More Definitions of Final Closing Working Capital Adjustment

Final Closing Working Capital Adjustment means Closing Working Capital Adjustment (i) as shown in Buyer’s calculation delivered pursuant to Section 2.5(b) if no notice of disagreement with respect thereto is duly delivered pursuant to Section 2.5(c), or (ii) if such a notice of disagreement is delivered, (A) as agreed by Buyer and the Sellers’ Representative pursuant to Section 2.5(d) or (B) in the absence of such agreement, as shown in the Accountant’s calculation delivered pursuant to Section 2.5(d); provided, however, that in no event shall Final Closing Working Capital Adjustment be less than Buyer’s calculation of Closing Working Capital Adjustment delivered pursuant to Section 2.5(b) or more than the Sellers’ Representative’ calculation of Closing Working Capital Adjustment delivered pursuant to Section 2.5(c).

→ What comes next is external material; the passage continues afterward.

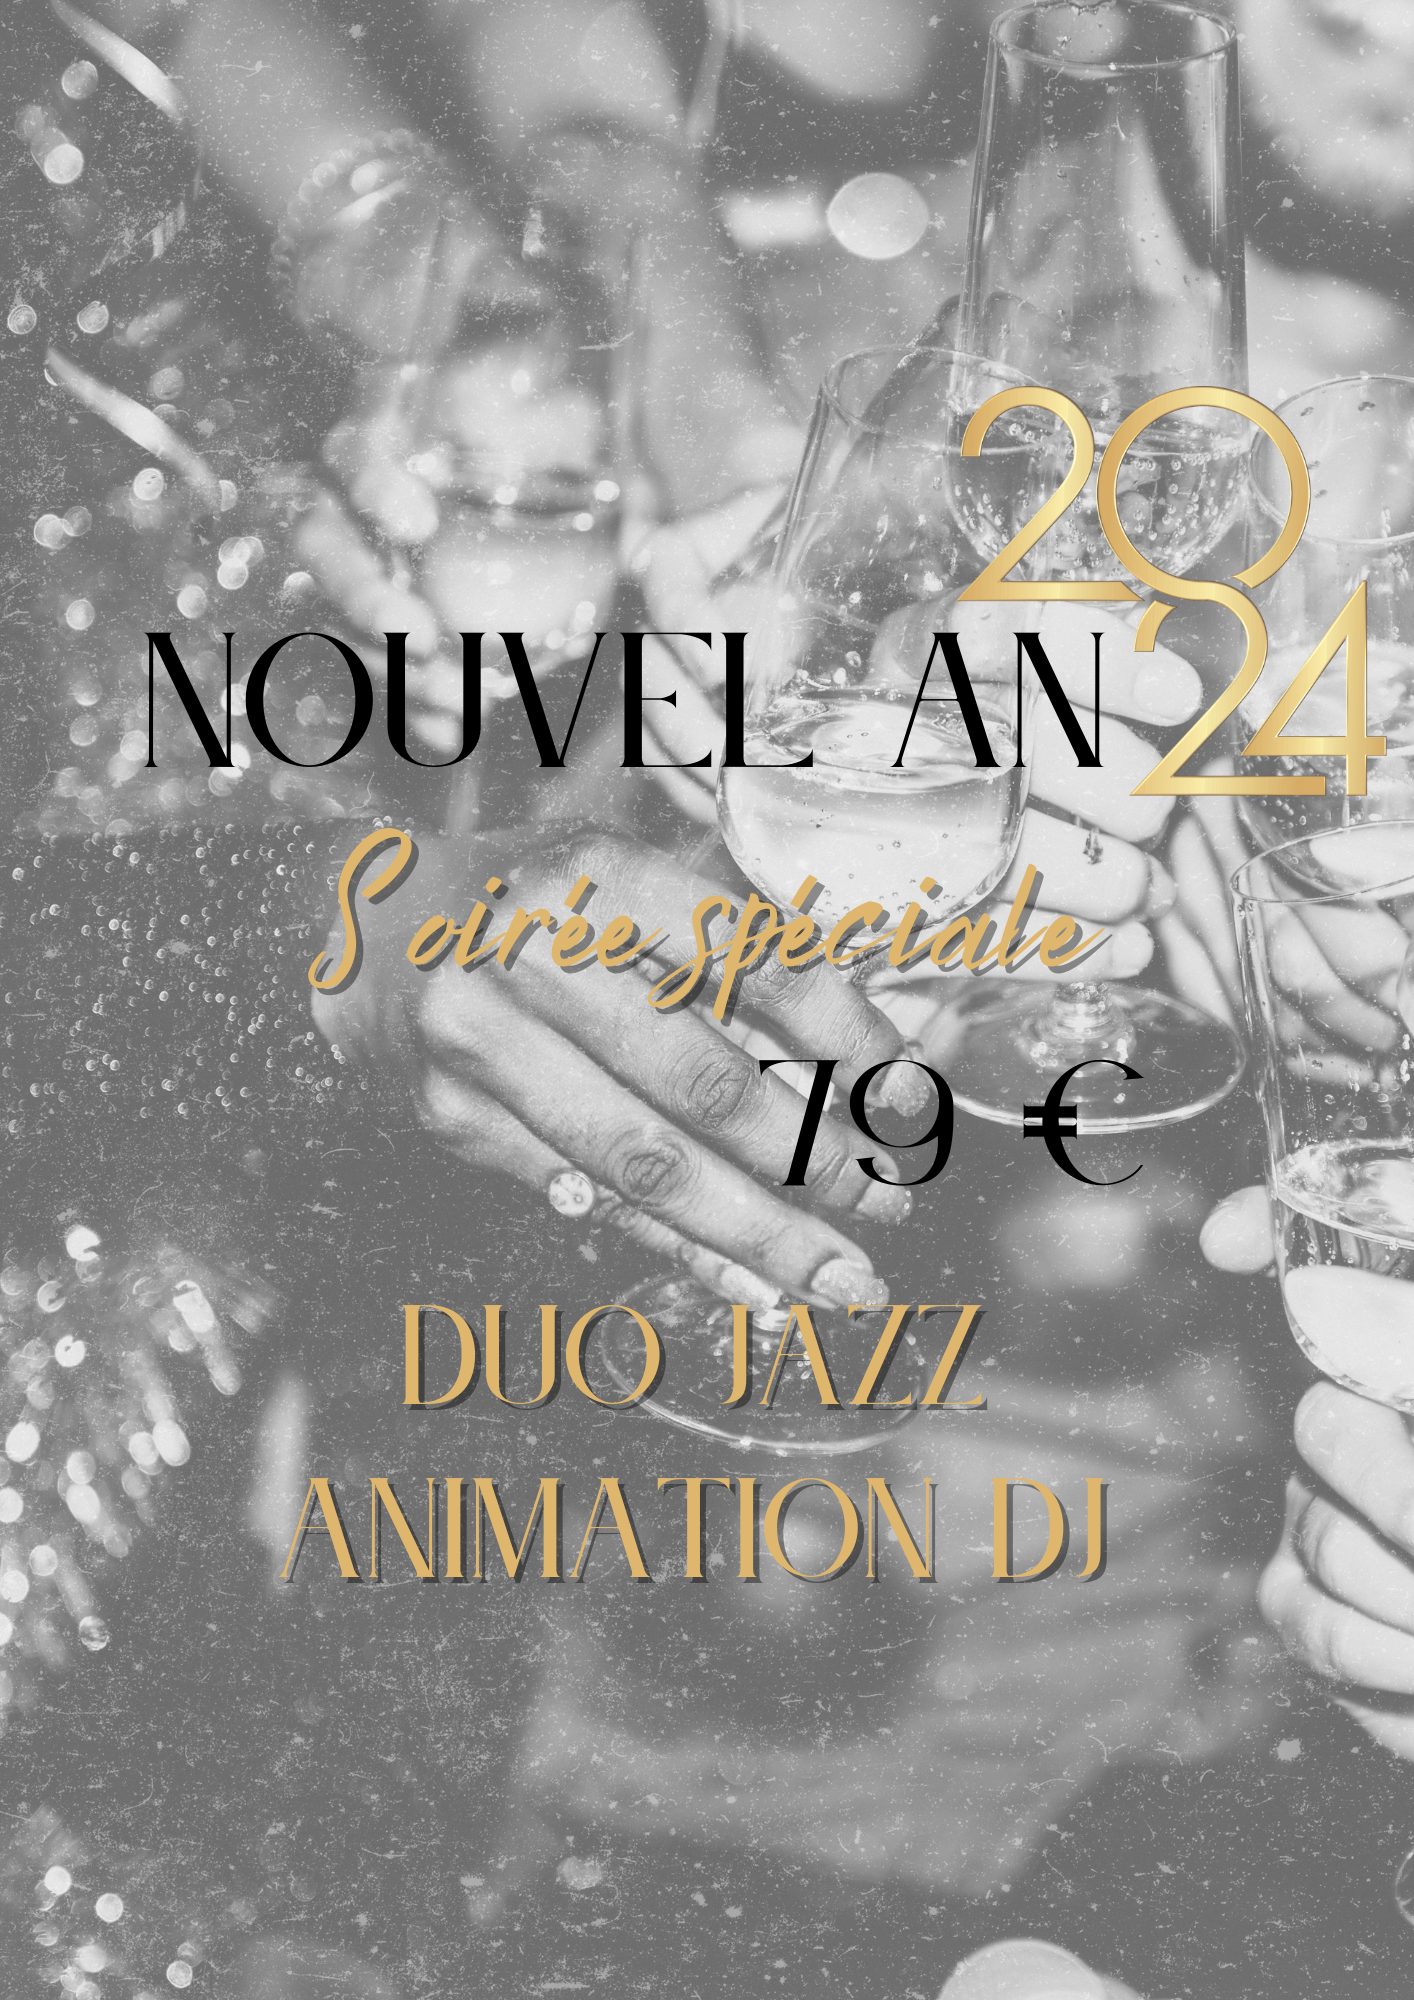 New Year 2 - Le Moulin d'Orgemont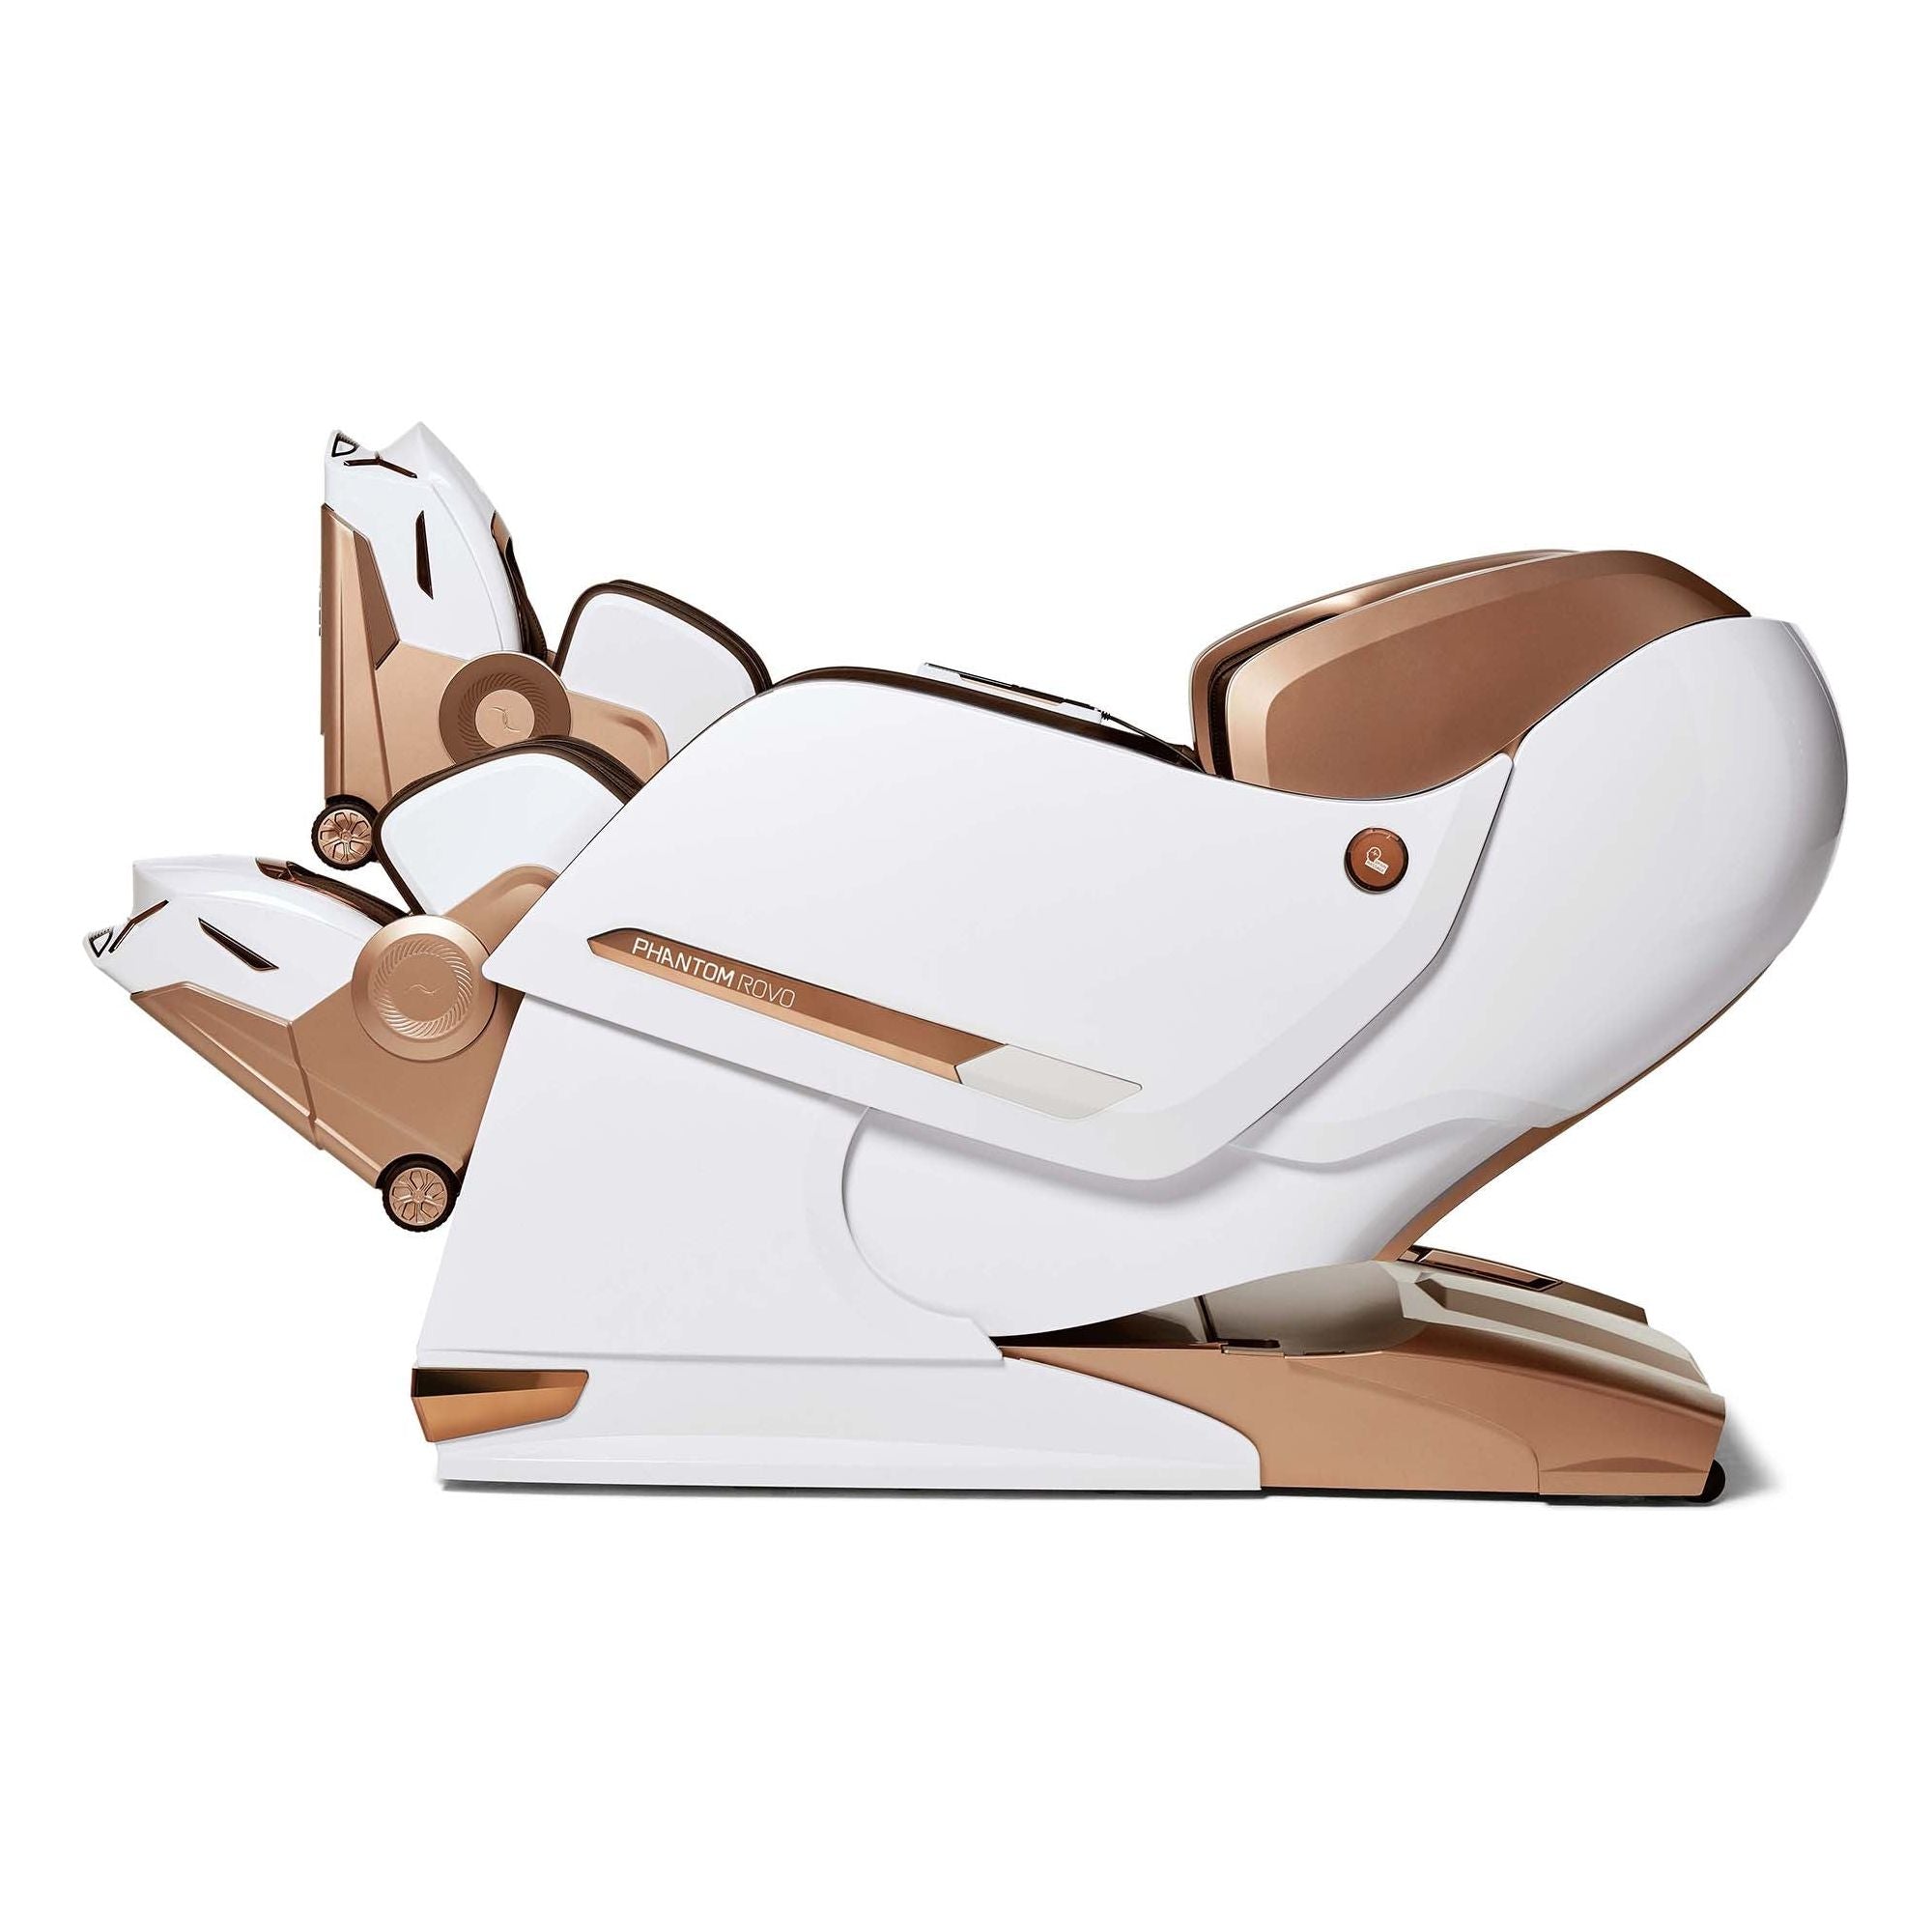 Bodyfriend Phantom Rovo Massage Chair lef side

Final Closing Working Capital Adjustment means the sum of (A) either (1) if the Target Working Capital exceeds the Final Closing Working Capital, the amount, if any, by which the difference between the Target Working Capital and the Final Closing Working Capital exceeds $-500,000.00 (which amount shall be a negative number) and (2) if the Final Closing Working Capital exceeds the Target Working Capital, the amount, if any, by which the difference between the Final Closing Working Capital and the Target Working Capital exceeds $500,000.00 (which amount shall be a positive number), and (B) minus the Closing Working Capital Adjustment (which may be a negative number).